-------- DATA SHOWN --------

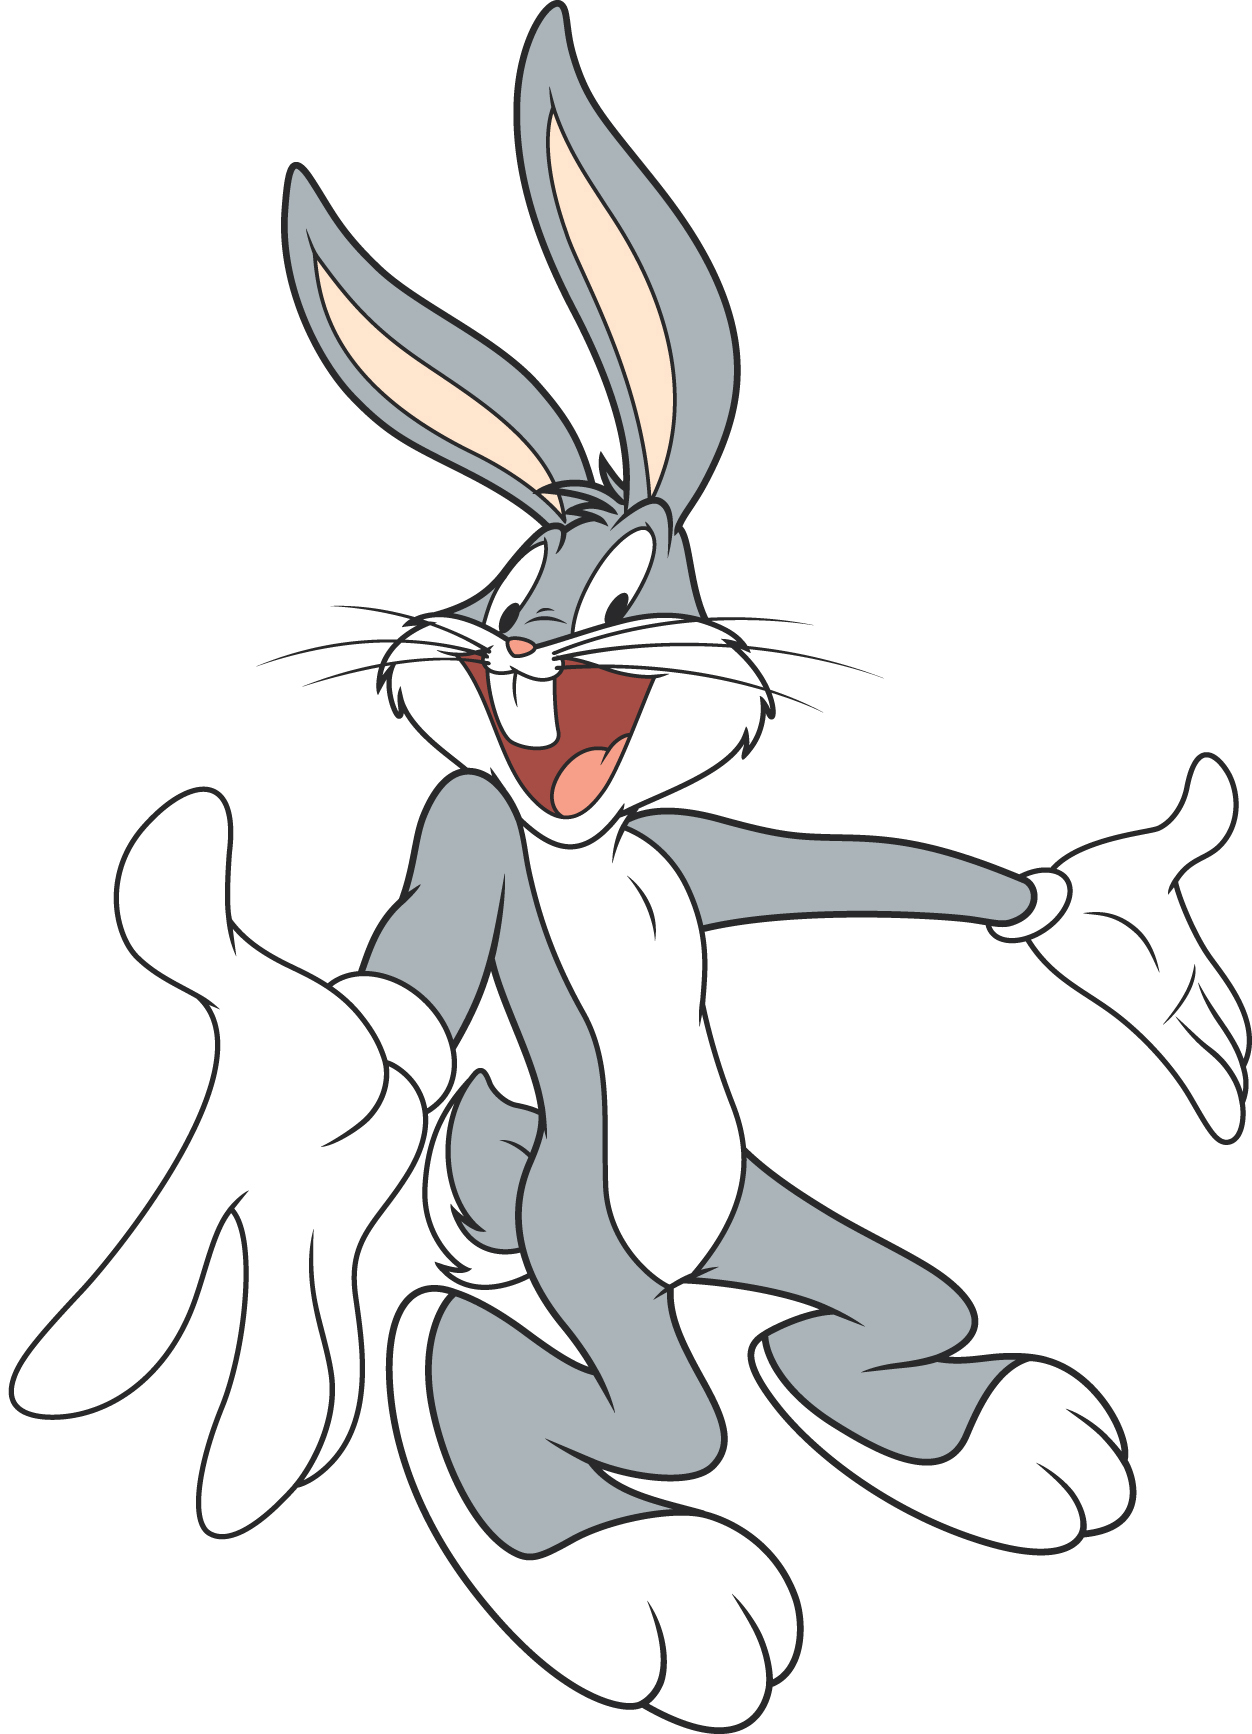 Bugs Bunny/Gallery - Looney Tunes Wiki
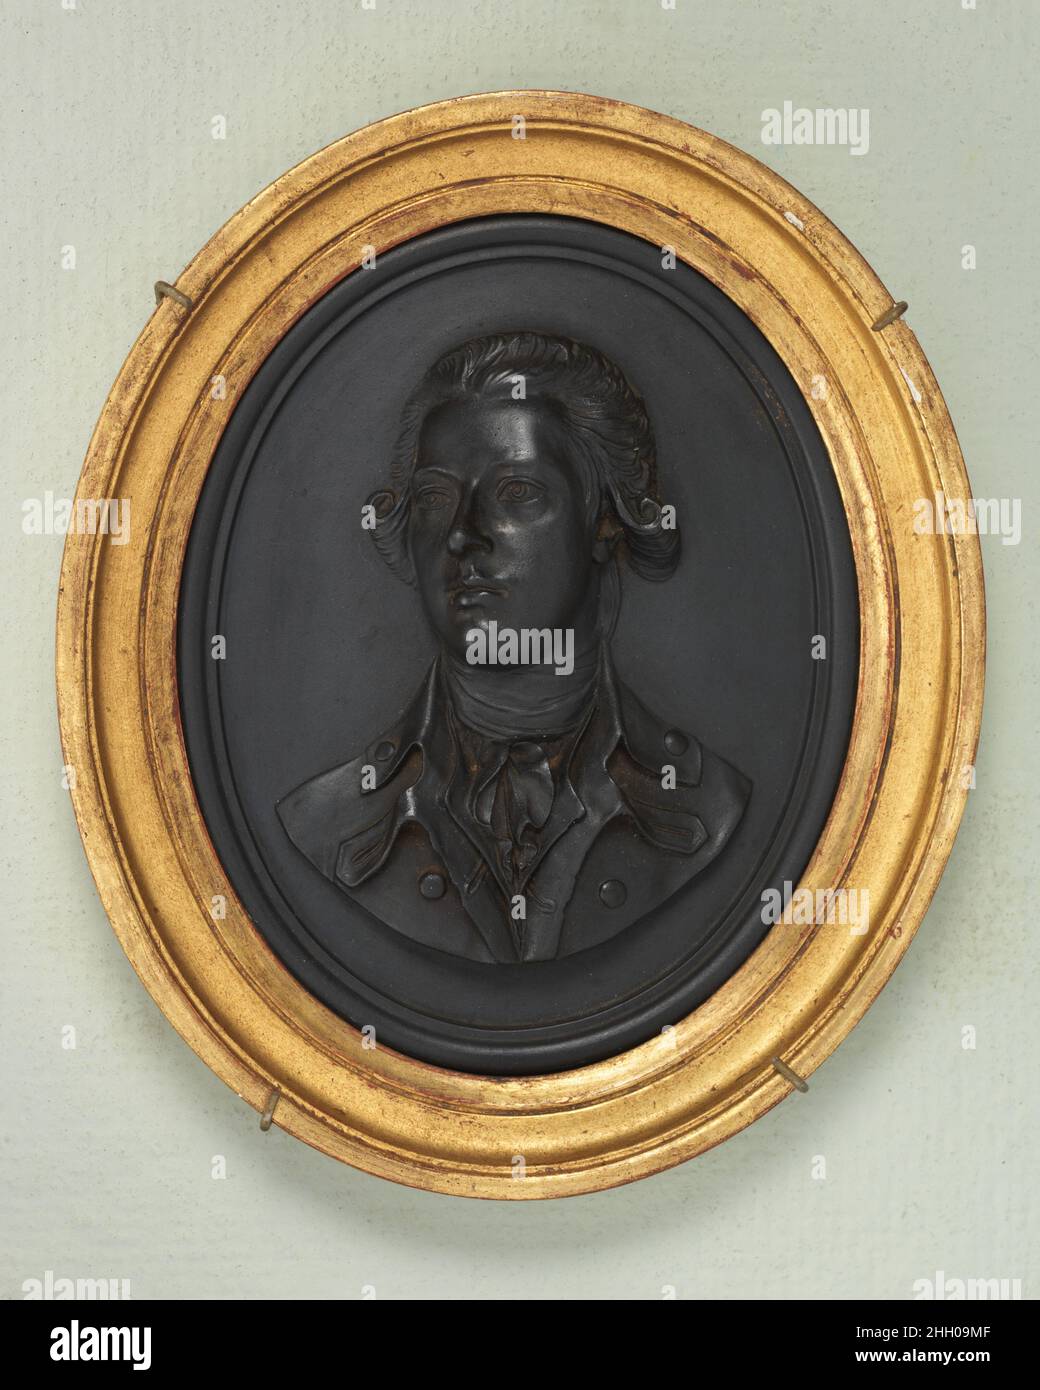 William Pitt, the Younger ca. 1787 Wedgwood and Co. Cameo medallions with portrait reliefs were made by Josiah Wedgwood between 1765 and 1795, with Thomas Bentley as his partner from 1769 to 1780. Black basalt and jasper are both types of fine stoneware hard enough for the delicate modeling which distinguishes Wedgwood's portrait cameos of 'Illustious Ancents and Moderns.'. William Pitt, the Younger. British, Etruria, Staffordshire. ca. 1787. Black basalt ware. Wedgwood and Co.. Ceramics-Pottery Stock Photo
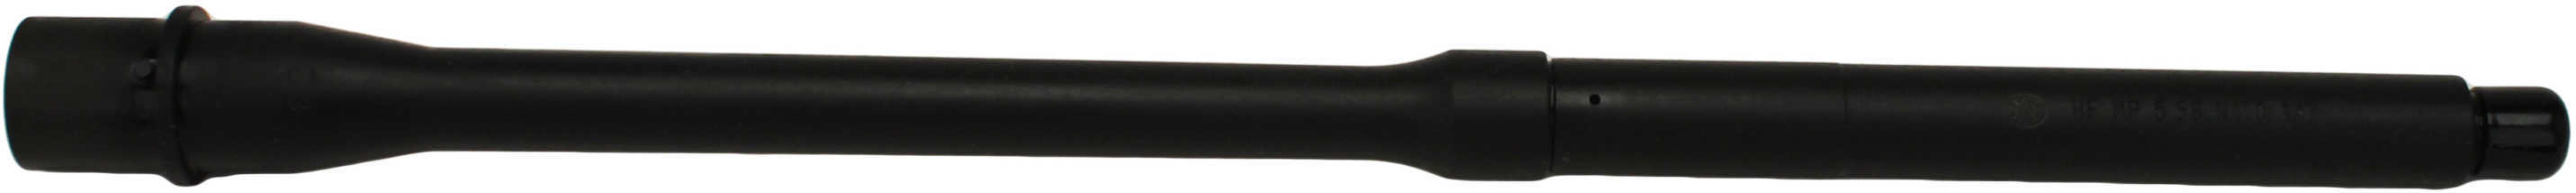 FN 36422 AR-15 5.56X45mm Nato 16" Mid Length Gas System, Black Phosphate Cold Hammer Forged Chrome Lined
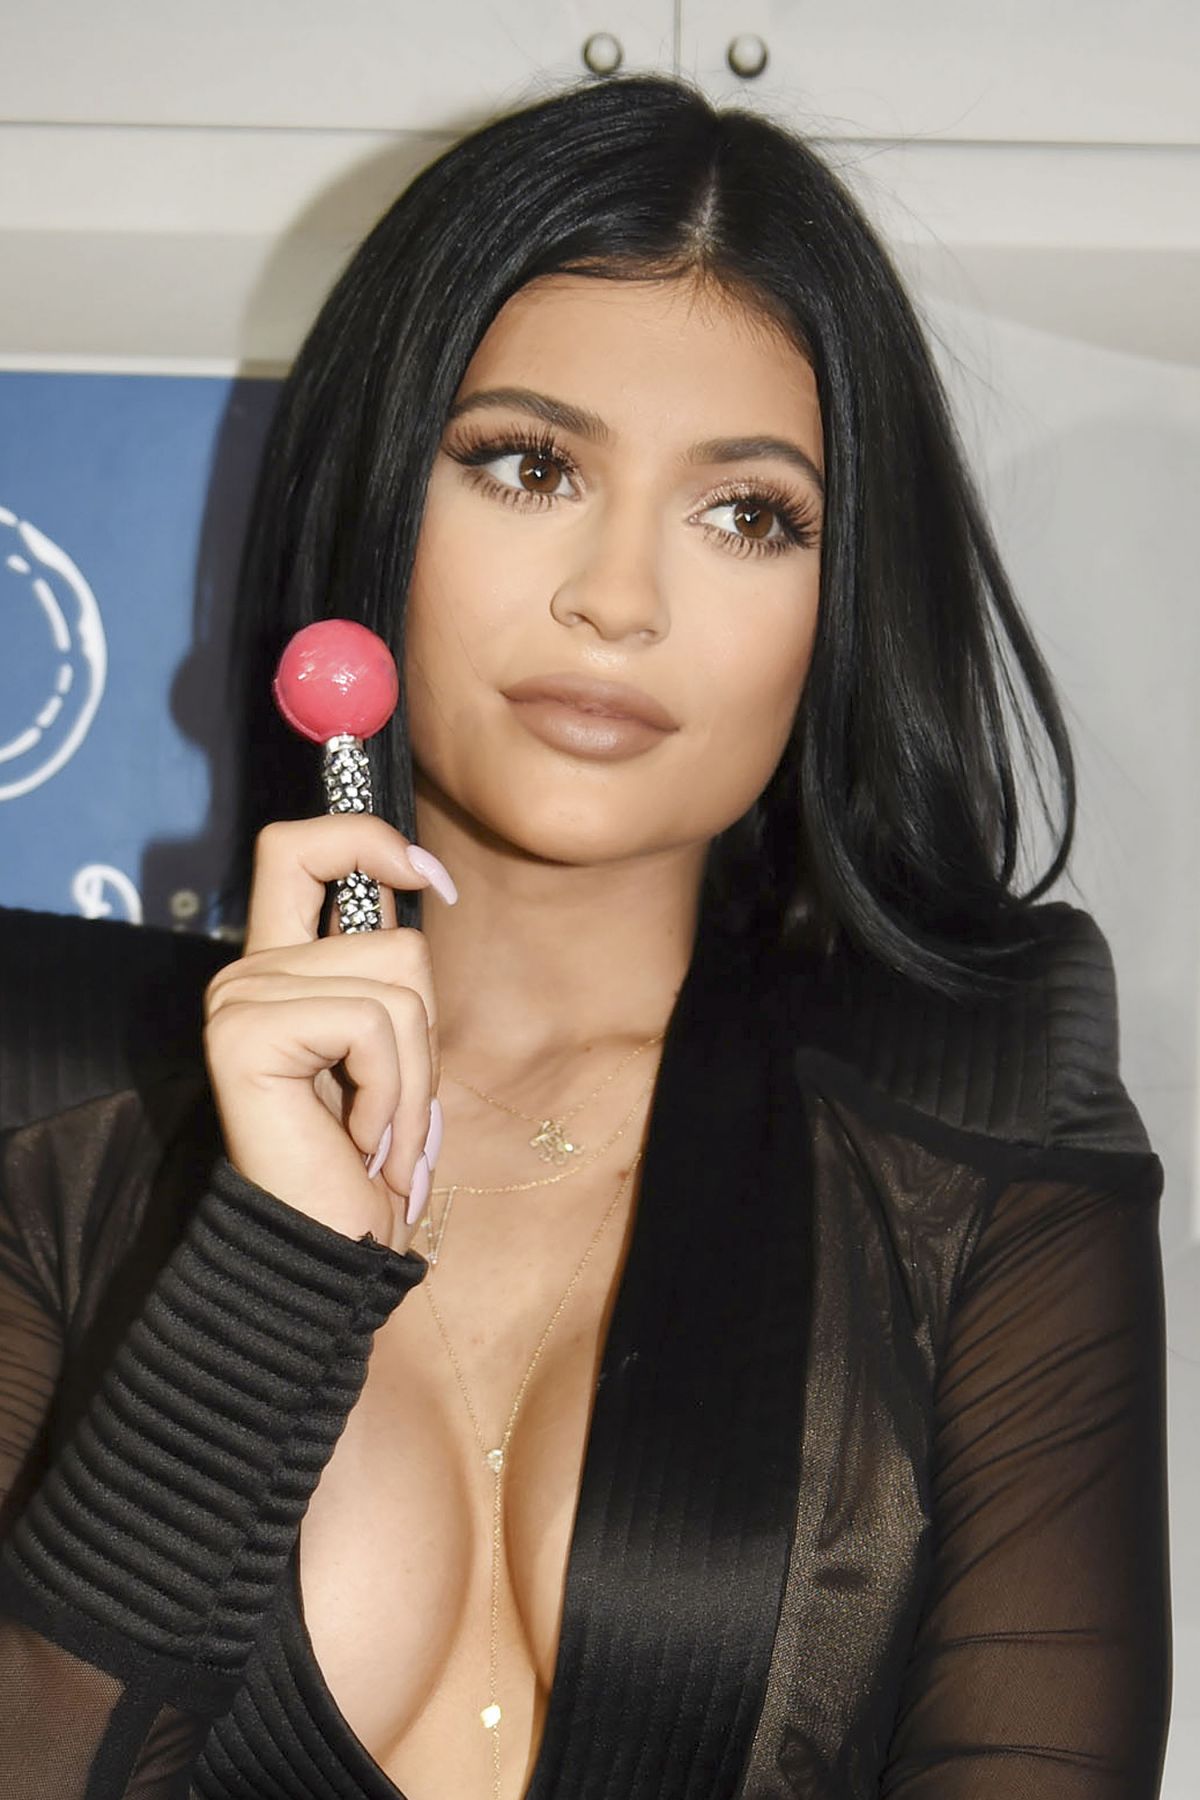 KYLIE JENNER at Sugar Factory Opening in Miami Beach.

--------

-- INSTRUCTIONS TO FOLLOW --
Leave the pictures out and output the rest of the data word for word.

-- EXERCISE RESULT --
 Bugs Bunny/Gallery - Looney Tunes Wiki
 William Pitt, the Younger ca. 1787 Wedgwood and Co. Cameo medallions with portrait reliefs were made by Josiah Wedgwood between 1765 and 1795, with Thomas Bentley as his partner from 1769 to 1780. Black basalt and jasper are both types of fine stoneware hard enough for the delicate modeling which distinguishes Wedgwood's portrait cameos of 'Illustious Ancents and Moderns.'. William Pitt, the Younger. British, Etruria, Staffordshire. ca. 1787. Black basalt ware. Wedgwood and Co.. Ceramics-Pottery Stock Photo
 FN 36422 AR-15 5.56X45mm Nato 16" Mid Length Gas System, Black Phosphate Cold Hammer Forged Chrome Lined
 KYLIE JENNER at Sugar Factory Opening in Miami Beach.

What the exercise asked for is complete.